Banks, insurance groups and pension funds are the biggest European investors in fossil fuel companies, new research based on January 2023 data shows. The Norwegian Government Pension Fund Global (GPFG) is the biggest fossil fuel investor in Europe and the 11th biggest in the world, with over €37,25 billion worth of shares and bonds in oil, gas and coal.
Banks and financial groups make up the bulk of European investors in the world's most polluting industry: Crédit Agricole (France), UBS (Switzerland), Legal & General (United Kingdom) and Deutsche Bank (Germany) are the top investors after Norway's GPFG. All have more than €17 billion tied up in fossil fuel shares and bonds, according to the financial data collected by the German environment NGO Urgewald.
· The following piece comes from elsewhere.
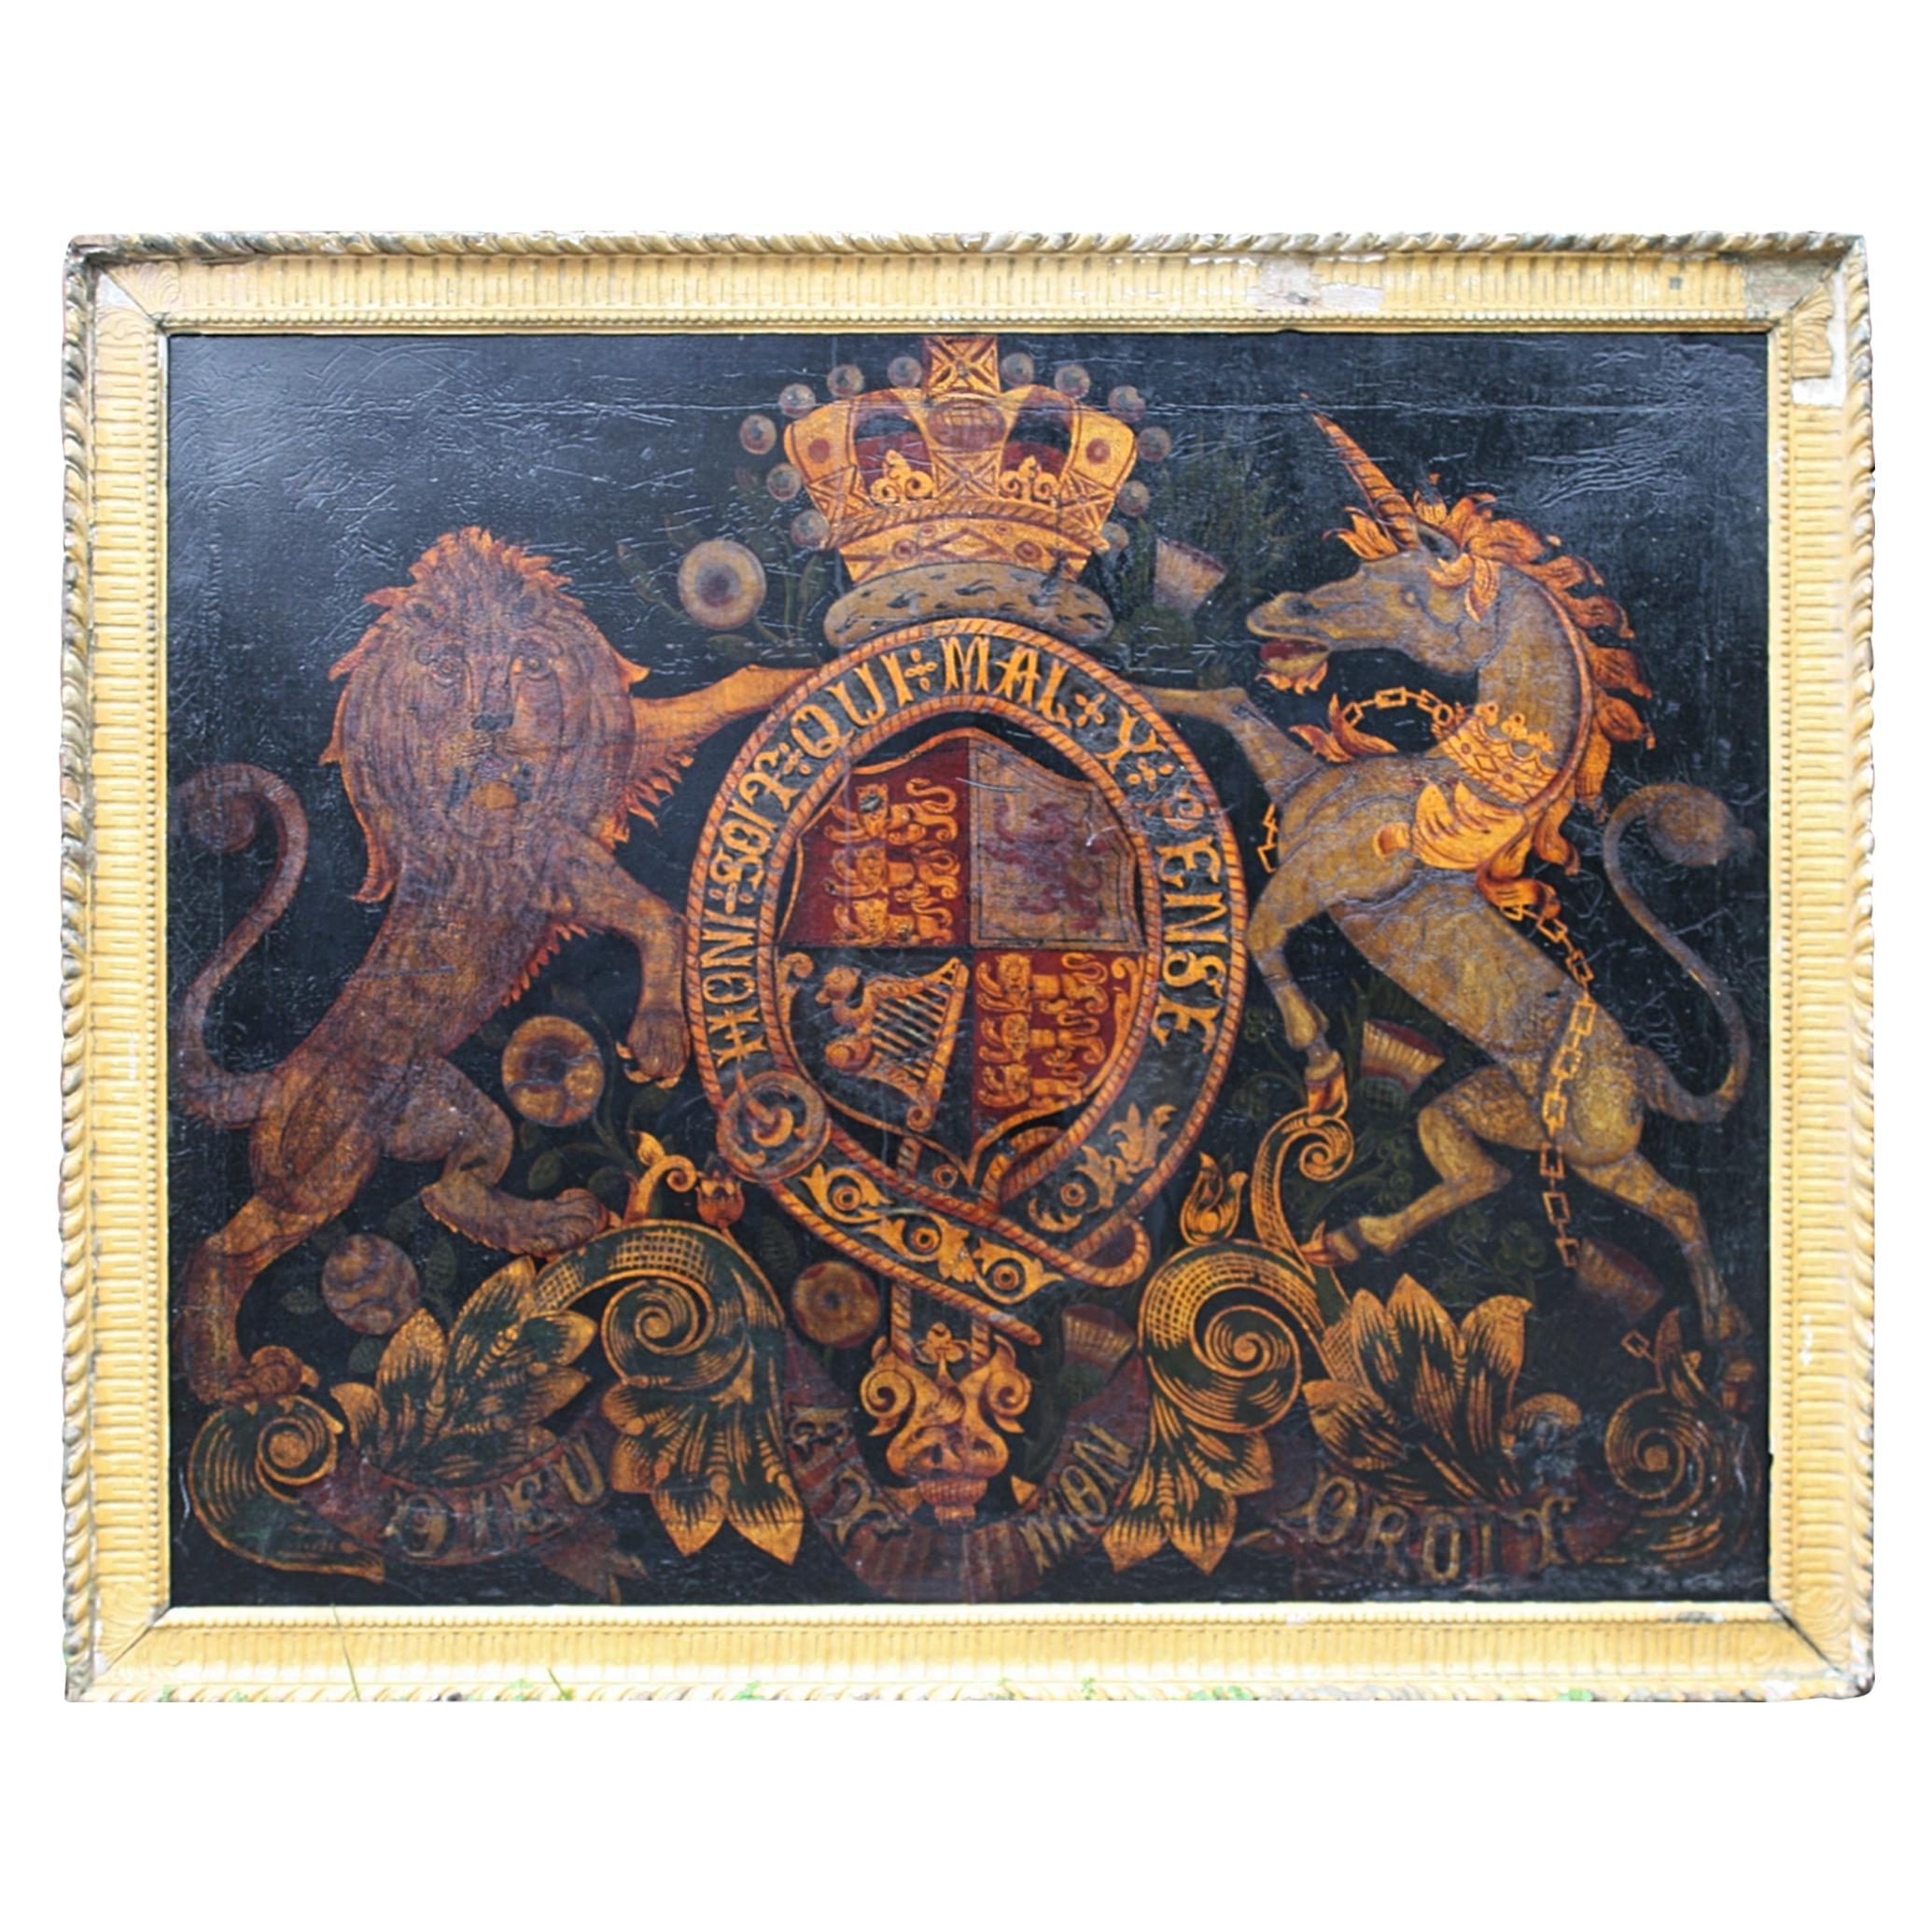 Early Victorian 19th Century Painted Royal Coat of Arms Armorial

"At a time when the UN warns that greenhouse gas emissions must be cut in half by 2030, pension funds, insurers, mutual funds and asset managers are still gambling away our future by sinking money into the world’s worst climate offenders," said Katrin Ganswindt, Urgewald's Energy and Finance Campaigner.
"By publishing our research online, we want to empower clients, regulators and the public to hold these institutional investors accountable," she added.
BREAKING: New research shines a spotlight on the global investors funding the fossil fuel industry. #InvestingInClimateChaos reveals over 6,500 investors whose holdings of bonds & shares in fossil fuel companies total US$ 3.07 TRILLION.
👉Learn more at https://t.co/hmpUyF4FTA pic.twitter.com/HdNpXXgkS5 — Toxic Bonds (@toxic_bonds) April 20, 2023
Fossil fuels supply around 80% of the world's energy and are the largest emitters of greenhouse gases, like CO2, which trap heat in the Earth's atmosphere leading to global temperature rise. The IPCC, the world's leading group of climate scientists, said that fossil fuel emissions must be halted over the next decade in order to prevent catastrophic climate scenarios.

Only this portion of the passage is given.